Data contracts tackle this uncertainty and end assumptions by creating a formal agreement. This agreement contains a schema that describes and documents data, which determines who can expose data from your service, who can consume your data, and how you can manage your data.
What are data contracts?
A data contract is a formal agreement between the users of a source system and the data engineering team that is extracting data for a data pipeline. This data is loaded into a data repository — such as a data warehouse — where it can be transformed for end users.
What method are you using to extract data (e.g., change data capture)?
At what frequency are you ingesting data?
Who are the points of contact for the source system and ingestion?
You can write a data contract in a text document. However, it’s better to use a configuration file to standardize it. For example, if you are ingesting data from a table in Postgres, your data contract could look like the following in JSON format:
When your architecture becomes distributed or large enough, it’s increasingly difficult to track changes, and that’s where a data contract brings value to the table.
When your applications access data from each other, it can cause high coupling, i.e., applications are highly interdependent on each other. If you make any changes in the data structure, such as dropping a table from the database, it can affect the applications that are ingesting or using data from it. Therefore, you need data contracts to implement versioning to track and handle these changes.
To ensure your data contracts fulfill their purpose, you must:
Enforce data contracts at the data producer level. You need someone on the data producer side to manage data contracts. That’s because you don’t know how many target environments can be used to ingest data from your operational systems. Maybe, you first load data into a data warehouse and later go on to load data into a data lake.

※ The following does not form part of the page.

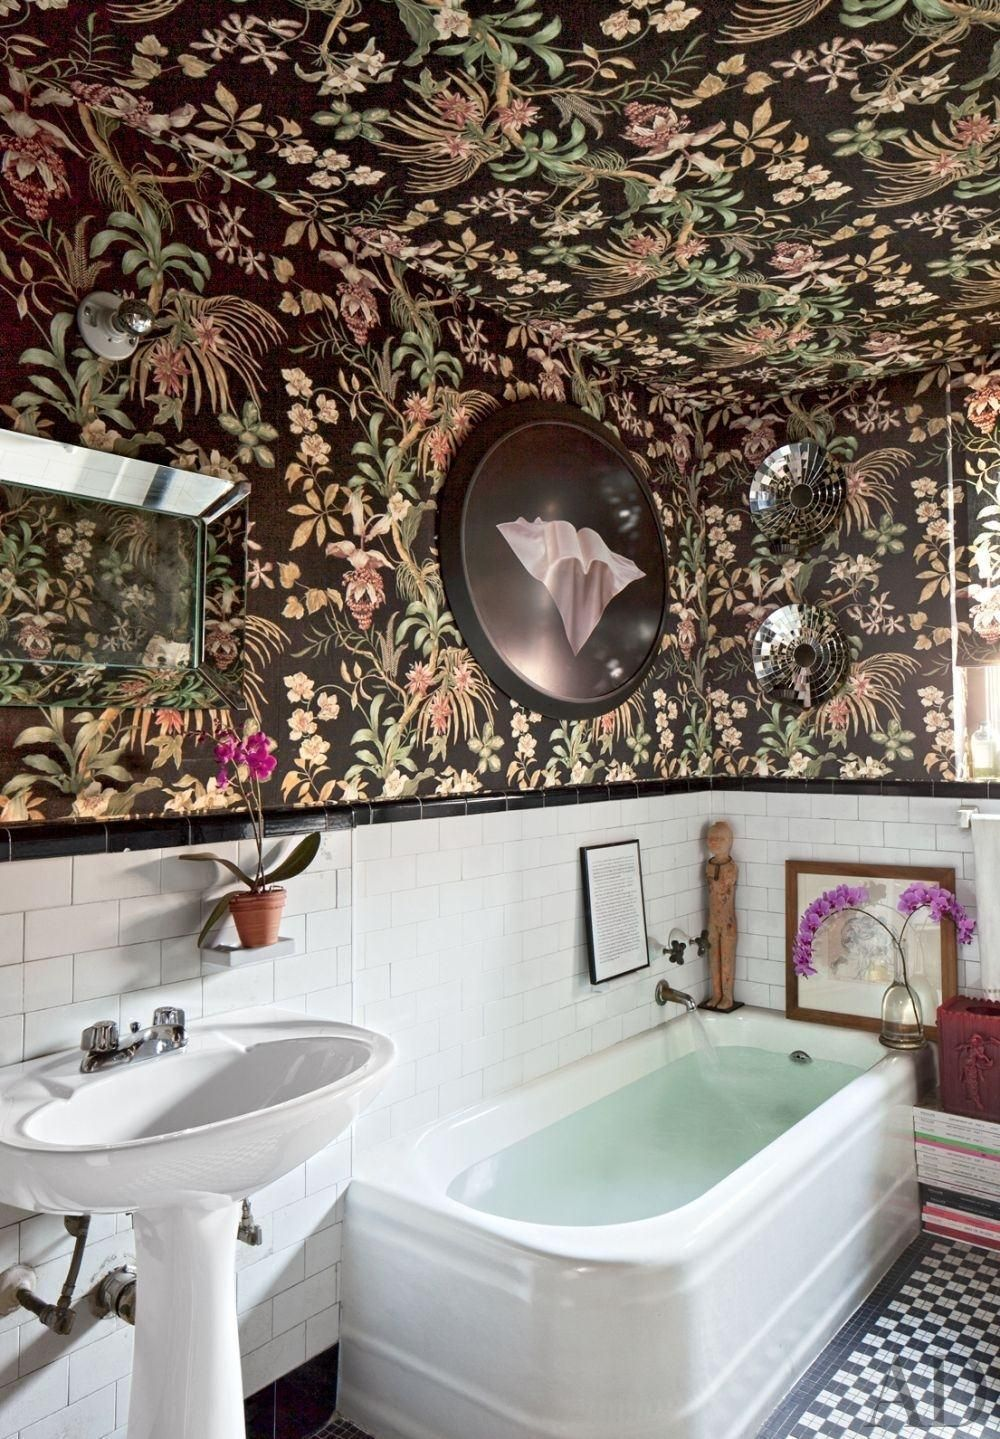 Decke Wallpaper 60 Fotos Und Referenzen Bedroom Ceiling Timorousbeasties Bathroom Bla Badezimmer Innenausstattung Badezimmereinrichtung Badezimmer Dekor
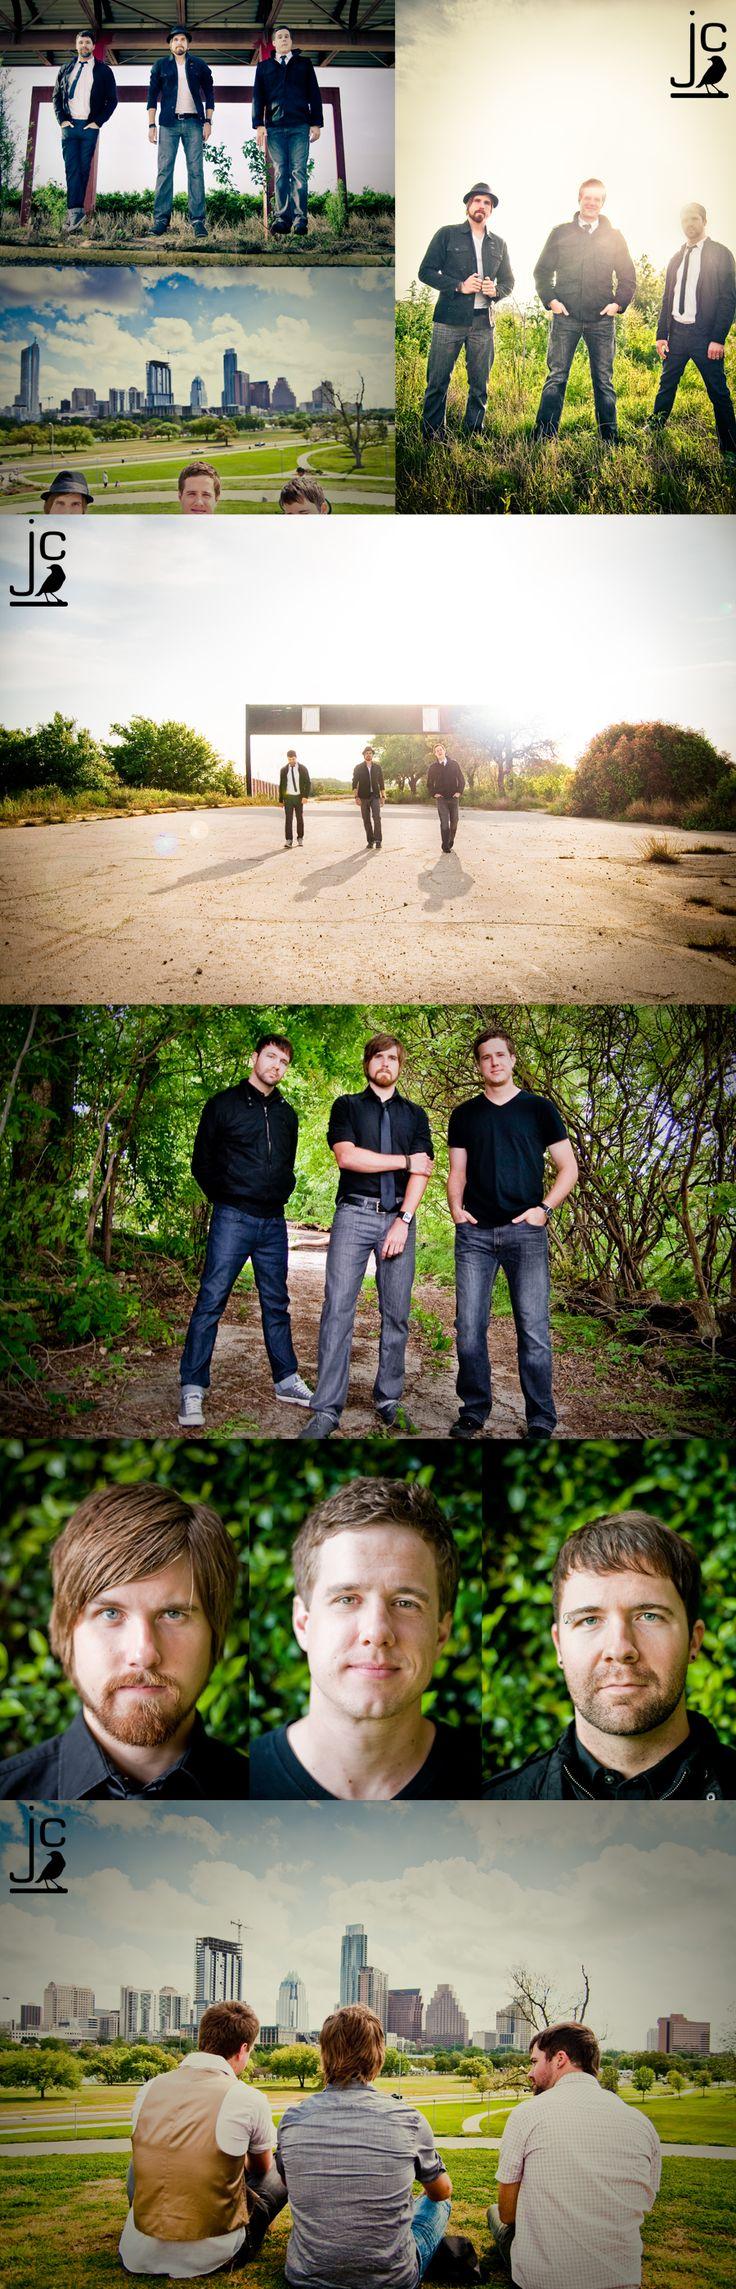 copyright Jennifer Crane Photography (www.jennifercranephotography.com)        The Beautiful Fools, band photography ... Hope I can become good enough to have a band photoshoot!

Cover schemas in data contracts. On a technical level, data contracts handle schemas of entities and events. They also prevent changes that are not backward-compatible, such as dropping a column.
Cover semantics in data contracts. If you alter the underlying meaning of the data being generated, it should break the contract. For instance, if your entity has distance as a numeric field, and you start collecting distance in kilometers instead of miles, this alteration is a breaking change. This means that your contract should include metadata about your schema, which you can use to describe your data and add value constraints for certain fields (e.g., temperature).
Ensure data contracts don’t affect iteration speed for software developers. Provide developers with familiar tools to define and implement data contracts and add them to your CI/CD pipeline. Implementing data contracts can minimize tech debt, which can positively impact iteration speed.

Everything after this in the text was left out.